**Recorded data:**
━━━━

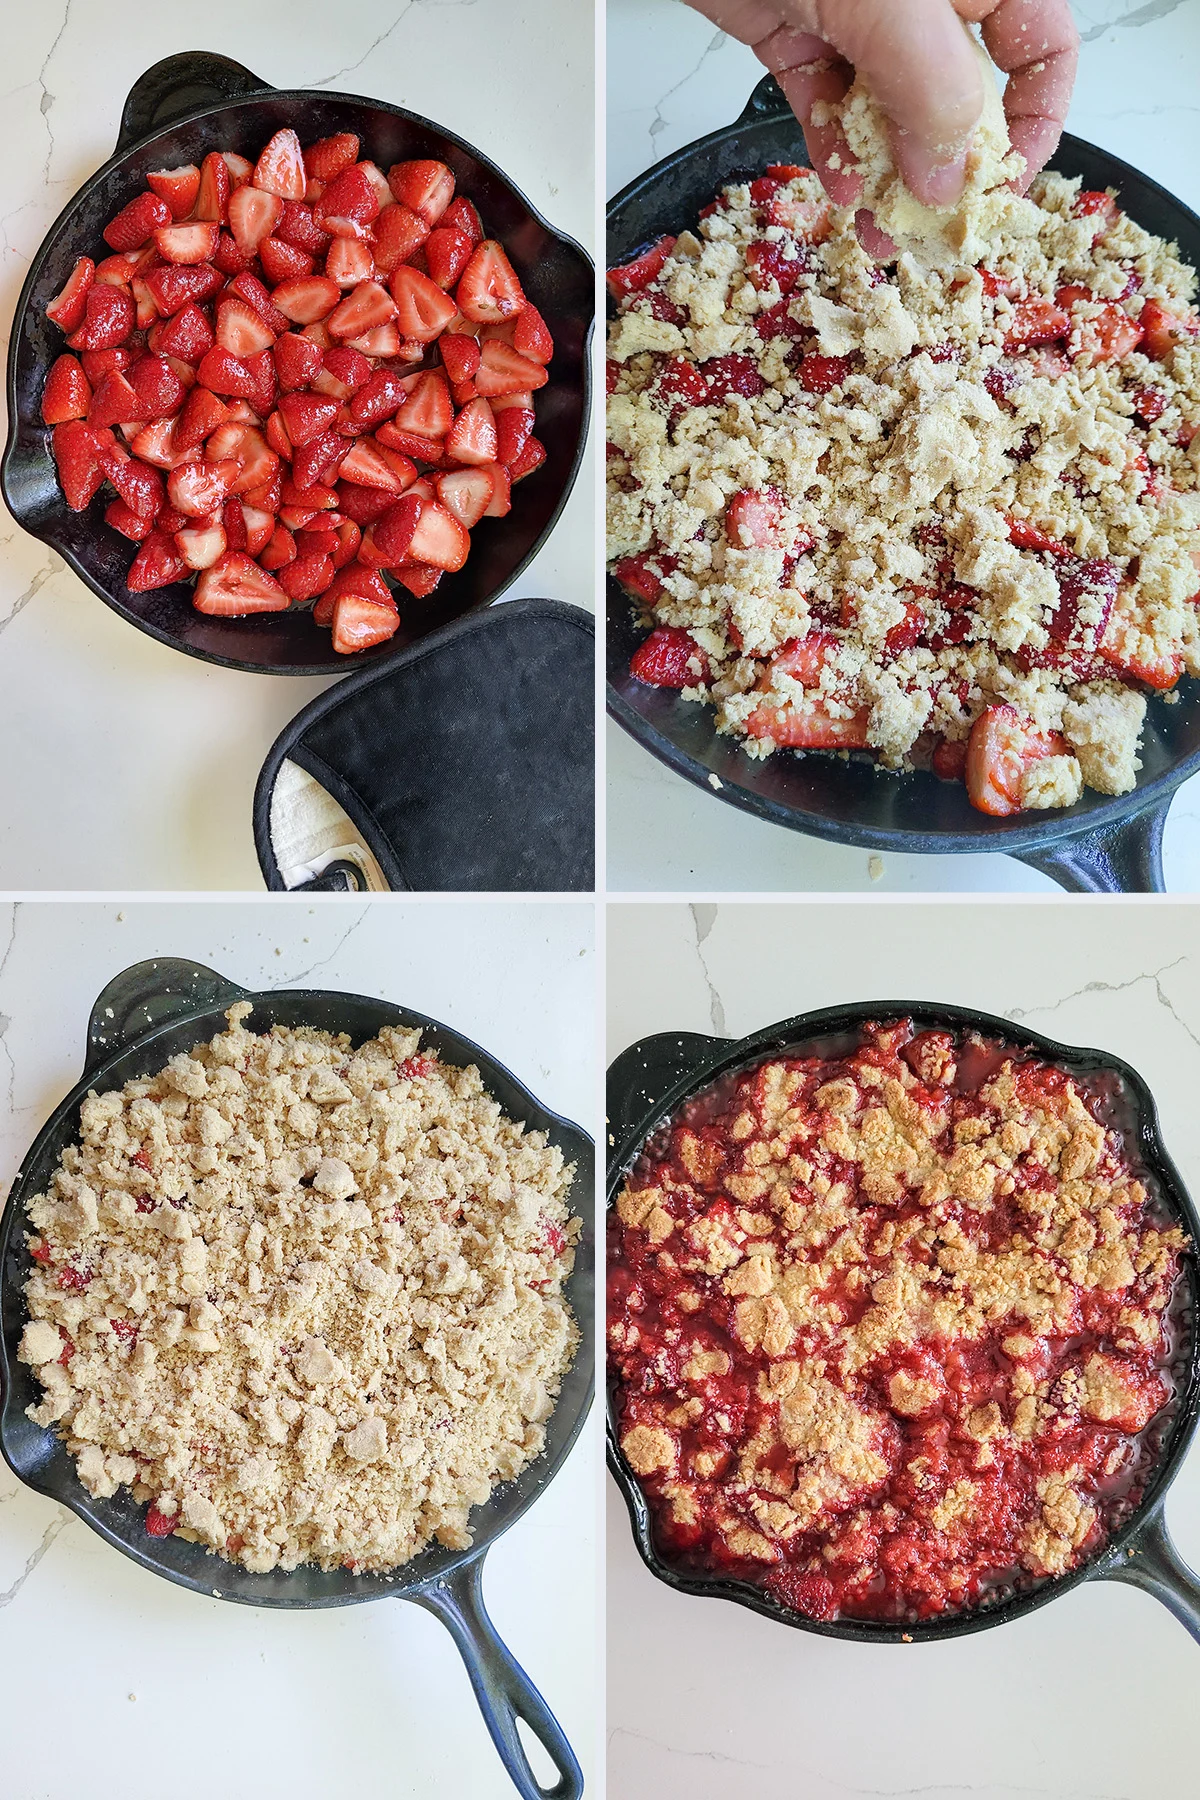 A cast iron skillet with strawberries, crumble topping before and after baking.
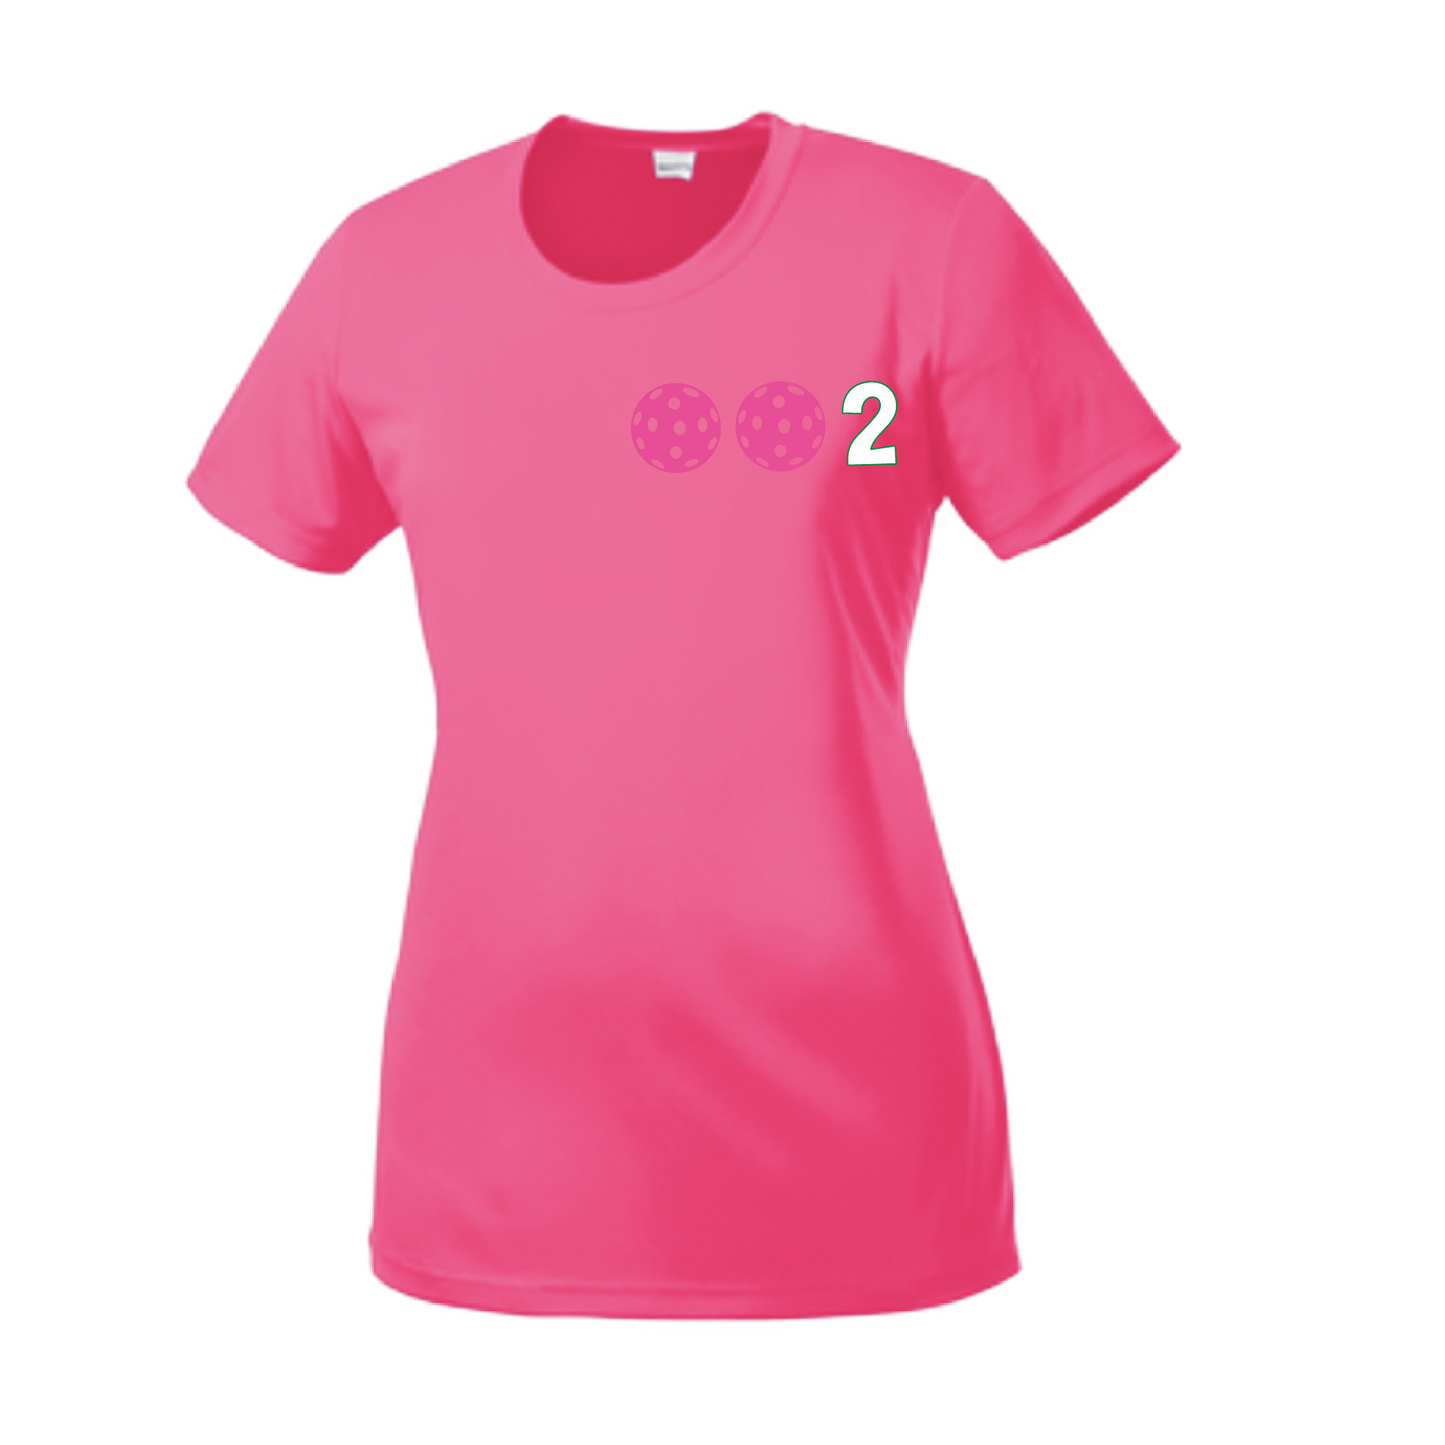 Design: 002 with Customizable Ball Colors (Yellow, Pink, White)  Women's Style:  Short-Sleeve Crew-Neck  Shirts are lightweight, roomy and highly breathable. These moisture-wicking shirts are designed for athletic performance. They feature PosiCharge technology to lock in color and prevent logos from fading. Removable tag and set-in sleeves for comfort.
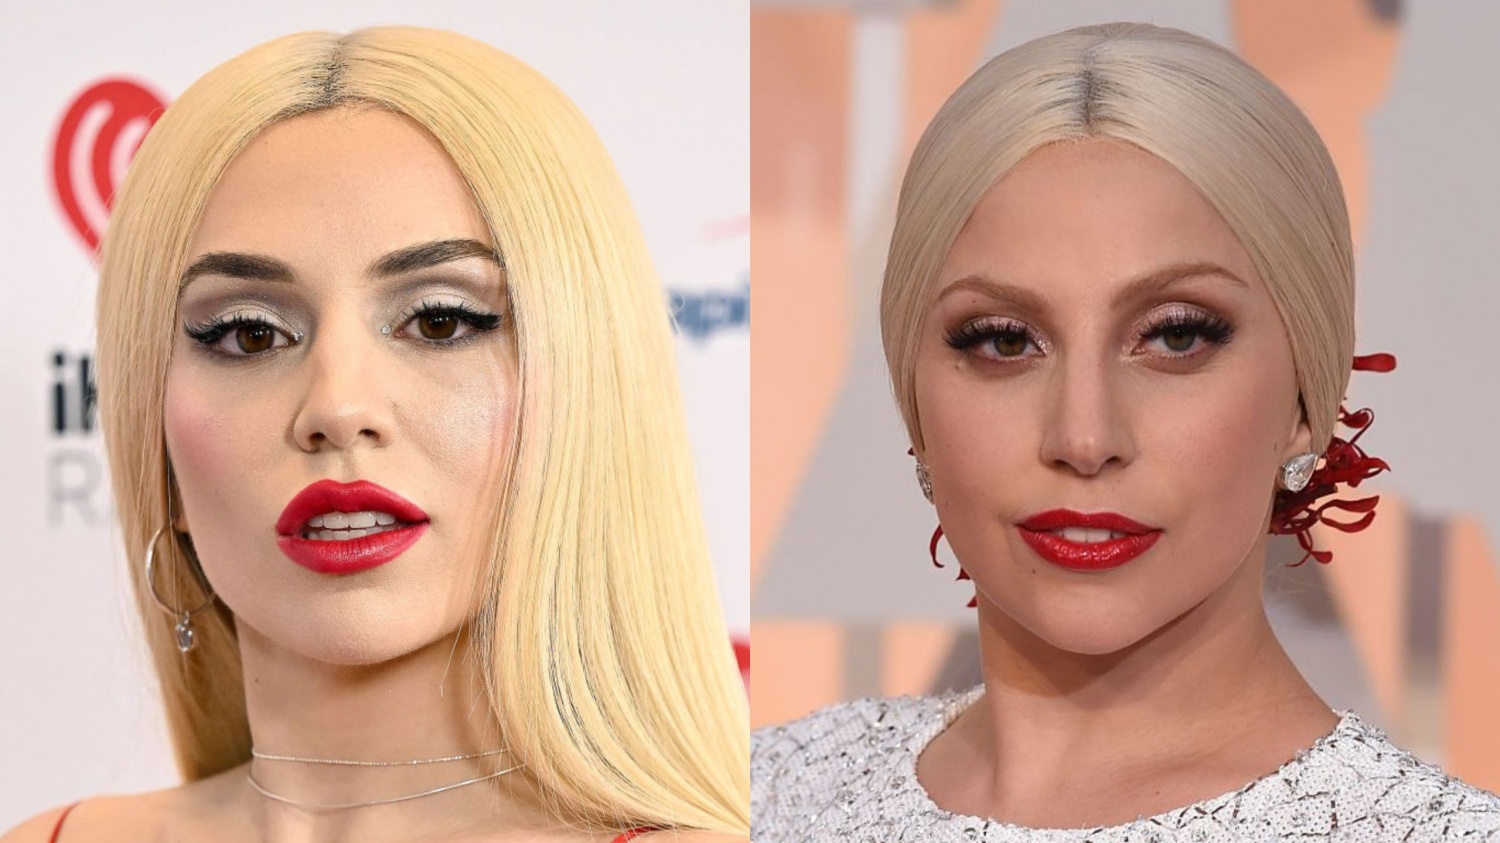 Ava Max Reacts to Lady Gaga Comparisons Amid New Album’s Release

━━━━

**Instructions to follow:**
Please repeat the lines that run from the one holding "Design: 002 with" to the last line of the material, both included, exactly and without pictures.

**Written solution:**
 Design: 002 with Customizable Ball Colors (Yellow, Pink, White)  Women's Style:  Short-Sleeve Crew-Neck  Shirts are lightweight, roomy and highly breathable. These moisture-wicking shirts are designed for athletic performance. They feature PosiCharge technology to lock in color and prevent logos from fading. Removable tag and set-in sleeves for comfort.
 Ava Max Reacts to Lady Gaga Comparisons Amid New Album’s Release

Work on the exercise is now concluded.